Page 1 of 1
#PB_Web_PlainText for GetGadgetItemText()
Posted: Thu May 26, 2011 12:58 pm
by MachineCode
Can we have a #PB_Web_PlainText flag for GetGadgetItemText() to return the plain text of the web page? We've got a #PB_Web_HtmlCode so a plain text alternative would be great.

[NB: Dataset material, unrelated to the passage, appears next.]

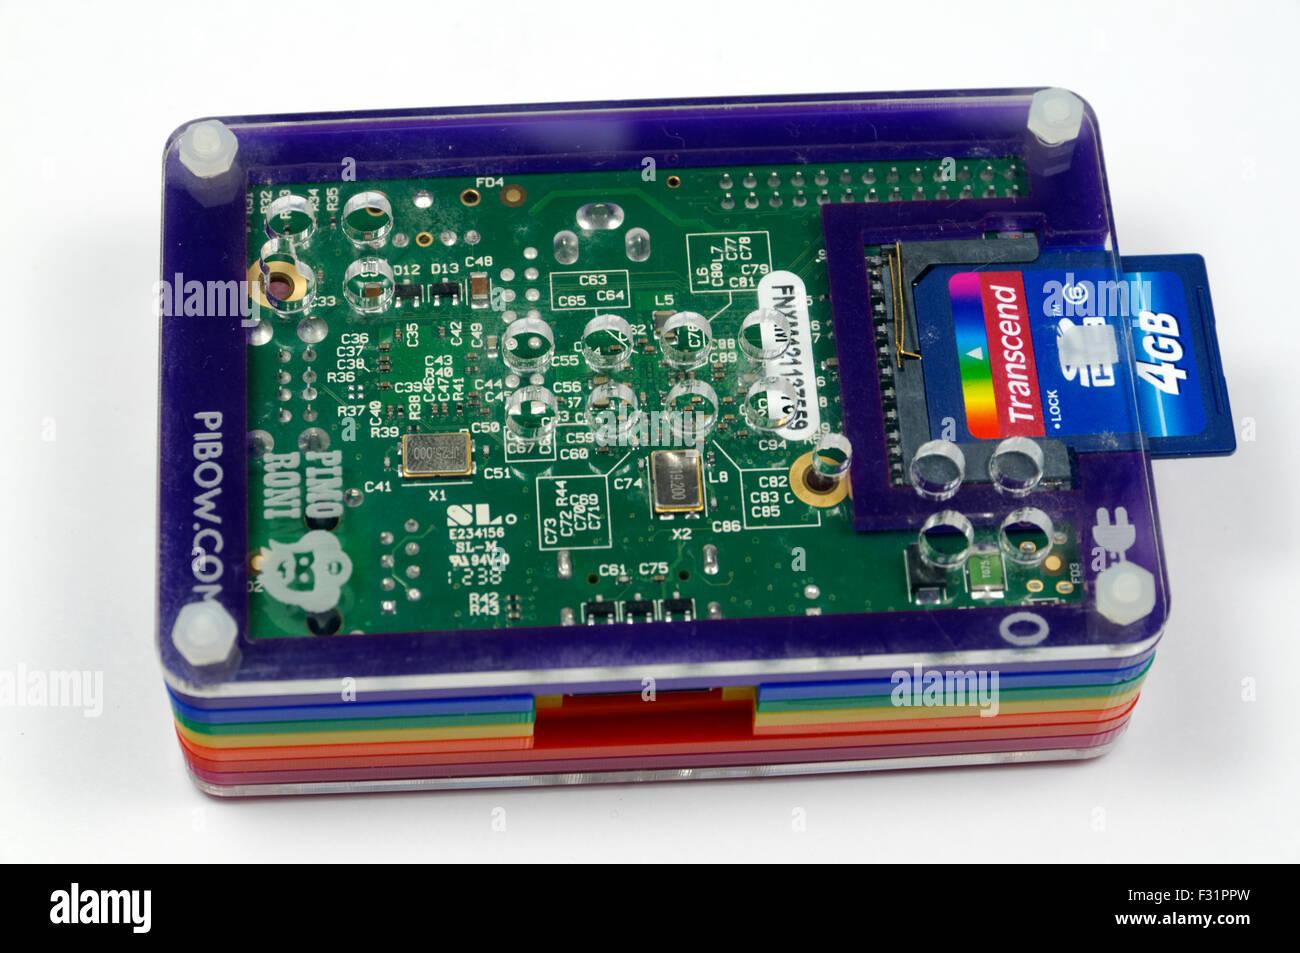 Raspberry Pi Computer. - Stock Image

And yes, I know we can use #PB_Web_SelectedText but that's different and too cumbersome, as we need to highlight all the text first and that's annoying for the user.
Re: #PB_Web_PlainText for GetGadgetItemText()
Posted: Thu May 26, 2011 1:26 pm
by TomS
I know it's a feature request but here's a possible solution.
There's no formatting at all in this example (not even <br> which would be easy to add).
But when it comes to Div's and Tables you're lost.
This code would also return any JS-Code there is in the body (but only if it's not encapsulated by CDATA).
Code: Select all
<body><script type="javascript">document.write('hello world<br>');</script>
How are you?</body>
Would indeed return "
document.write('hello world'); How are you?"
Code: Select all
<body><script type="javascript">
<![CDATA[
document.write('hello world<br>');
]]>
</script>
How are you?</body>
Would return "
How are you?"
Code: Select all
Procedure.s HTML2PlainText(input.s)
Protected workString.s = Mid(input, FindString(input, "<body ", 1)) ;Start at the body-tag thus ignore all the styles and JS in the head-tag.
Protected *c.Character = @workString
Protected outside.i = #True
Protected lt.i = Asc("<")
Protected gt.i = Asc(">")
Protected result.s
While *c\c ! 0
Select *c\c
Case lt
outside = #False
Case gt
outside = #True
EndSelect
If outside = #True
If *c\c ! gt
result + Chr(*c\c)
EndIf
EndIf
*c + SizeOf(Character)
Wend
ProcedureReturn result
EndProcedure
Debug HTML2PlainText("<html><body background-color=#FFFFFF><h1>Welcome</h1> <p>To the jungle!</p> <p>of html Code</p></body></html>")
Debug HTML2PlainText("<h1>Welcome</h1> <p>To the jungle!</p> <p>of html Code</p>")